Lynching remark puts spotlight on Mississippi Senate race.
JACKSON, Miss. – A video of a white U.S. senator from Mississippi making a flip reference to a “public hanging” is incensing voters in a special election runoff, drawing attention to the state’s history of lynching and boosting Democrats’ hope of pulling off a stunner in the Deep South.
Republican Cindy Hyde-Smith is facing former congressman and former U.S. agriculture secretary Mike Espy, a black Democrat, in a runoff Nov. 27. She was captured on video praising a supporter by declaring, “If he invited me to a public hanging, I’d be on the front row.”
After the video was made public Sunday, Hyde-Smith said her remark Nov. 2 at a campaign event in Tupelo was “an exaggerated expression of regard” for a friend who invited her to speak. “Any attempt to turn this into a negative connotation is ridiculous,” she said.
Espy on Monday called the remark “disappointing and harmful.”

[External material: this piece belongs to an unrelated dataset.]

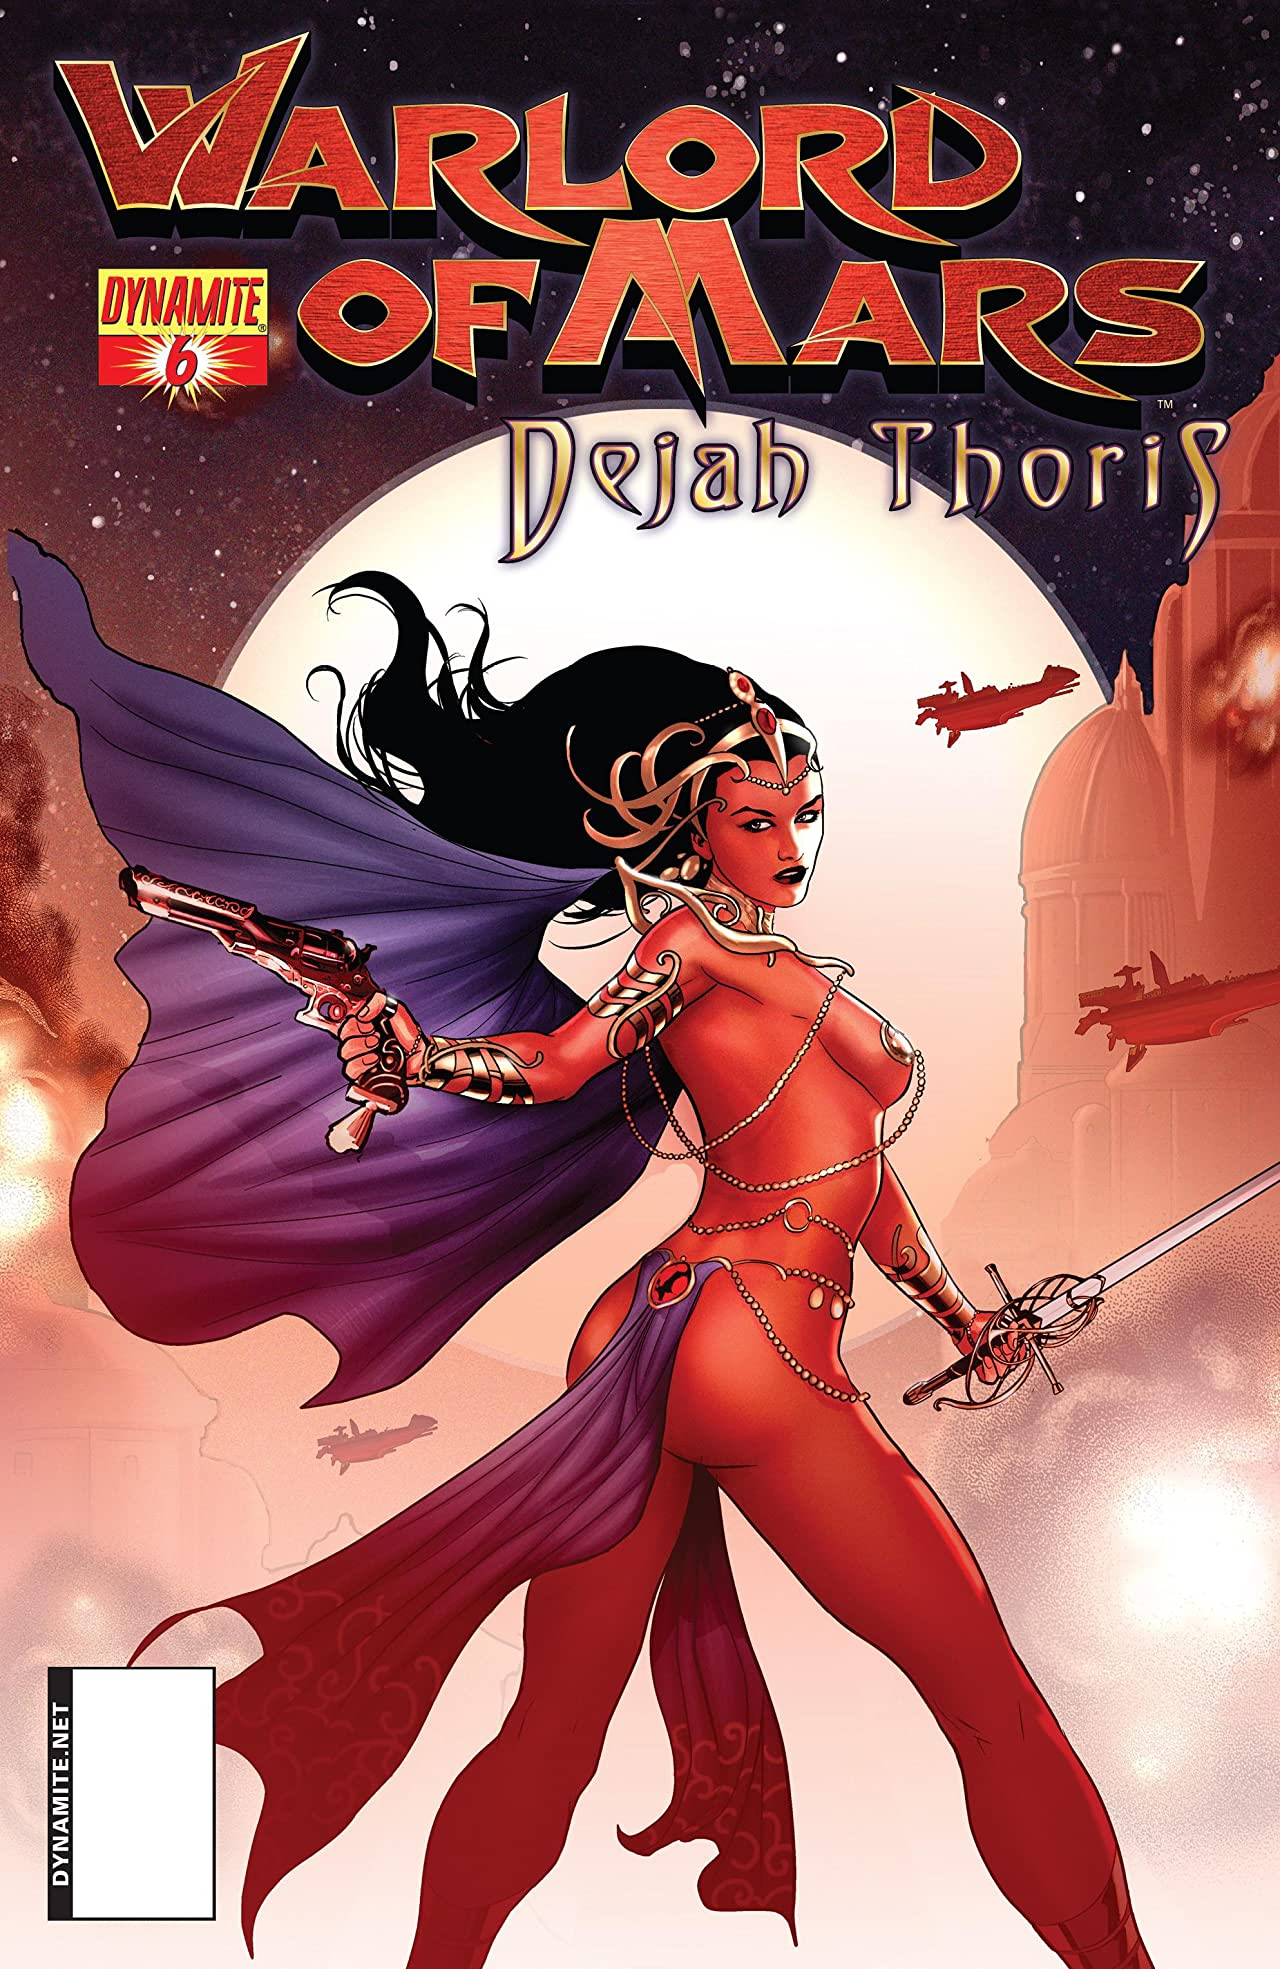 Warlord of Mars: Dejah Thoris #6
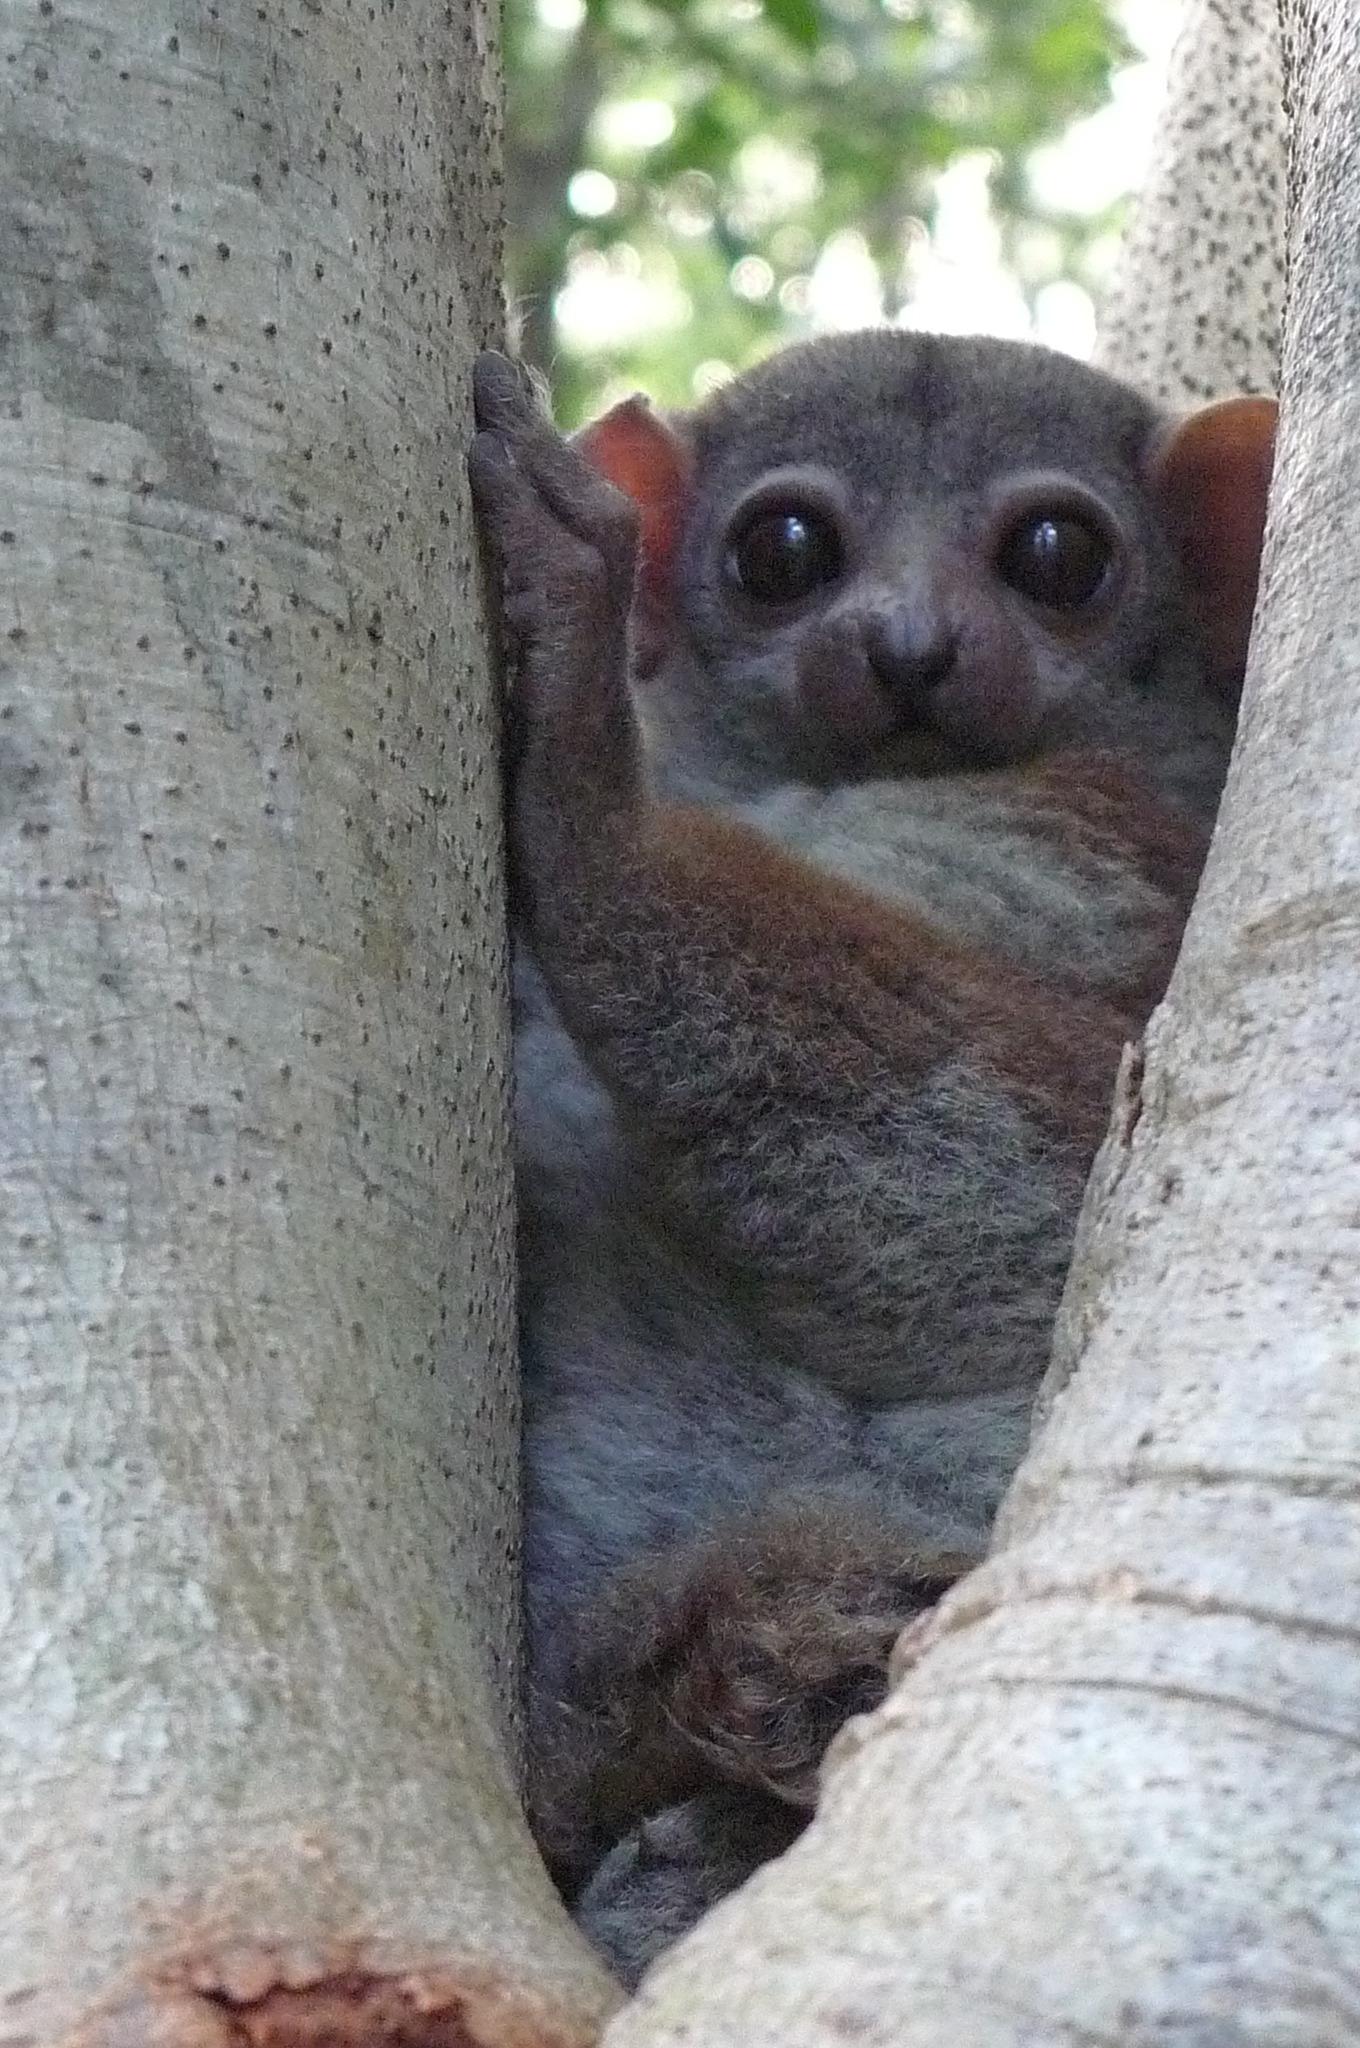 Image of Milne Edwards's sportive lemur

“It reinforces stereotypes that we’ve been trying to get away from for decades, stereotypes that continue to harm our economy and cost us jobs,” he told MSNBC’s Chris Matthews.
Hyde-Smith was appointed to fill the seat vacated by longtime Republican Sen. Thad Cochran when he retired in April. Hyde-Smith and Espy each received about 41 percent of the vote in a four-person race to advance to the runoff. Another Republican won 16 percent.